Rick Lanning’s wife, Michelle Lanning was in the audience at the meeting as well and said that Issa’s actions have fractured the small community.
“She has ripped this town apart,” Michelle Lanning said. “Now that everything is cleared up and everything is transparent, if it wasn’t about the money then she would’ve said, ‘everything’s cool, everything’s great, it’s transparent now, I’m going to drop the case, just pay my attorney’s fees.’ Had she done that, I might feel okay.”
In fact, Issa maintains that she offered such a deal to the port’s executive director, Jim Pivarnik, prior to entering mediation.
“I didn’t want the port’s money and I told Jim that before we went as far along as we did,” Issa said. “But there are legal expenses that I have borne beyond those ones that were included in the amount of the settlement.”
When asked about this, Pivarnik said that no such conversation ever took place.
As for what she will do with the money awarded from the settlement, Issa said she would pay off any remaining costs from the two lawsuits.

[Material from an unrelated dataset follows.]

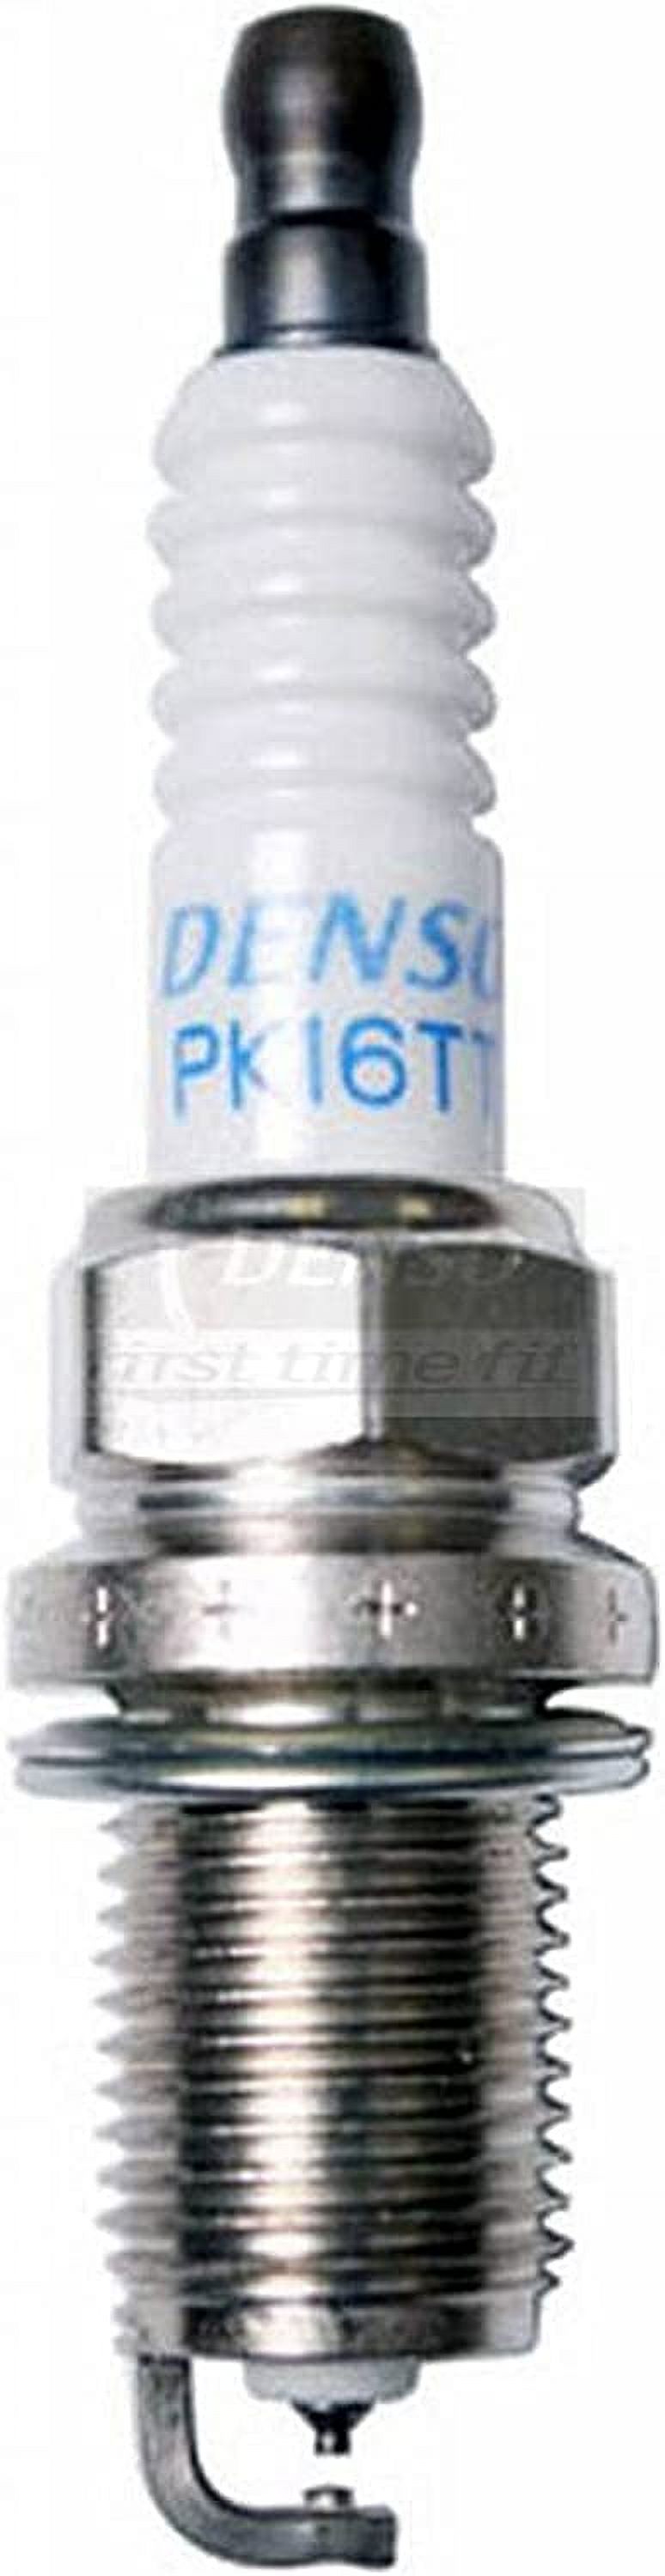 Denso Spark Plug 4503 Fits select: 2002-2007 DODGE RAM 1500, 1993-2008 TOYOTA COROLLA - image 1 of 2

“The money that is given to me in the form of penalties will be used for my remaining legal expenses, Beth Brewster’s remaining legal expenses, with the balance to go to Beth to kind of – in so many words – compensate her for the loss of her business, which was pretty substantial financially and of course emotionally,” Issa said.
Only a day before she went to mediation with the port, Issa said she began to receive about 22,000 files of previously un-answered public information requests. Despite the high volume, Issa said she doesn’t think she got everything she asked for.
“I got the public records, I didn’t get all of them but to me that’s what this whole thing was about. It started with public records and I’ll tell you it was pretty meaningful to sit in mediation on the day after our governor vetoed the state legislature’s attempt to weaken the public records act,” Issa said. “It was pretty exciting to be sitting there and resolving this matter.”
Issa said she is continuing to move forward in the wake of the settlement and that she feels the community around her is as well.
“I think the community has really, really moved on and wants to move on,” Issa said. “Certainly there’s healing that needs to go on. It’s a small town and this was ugly, incredibly ugly. It should never have happened.”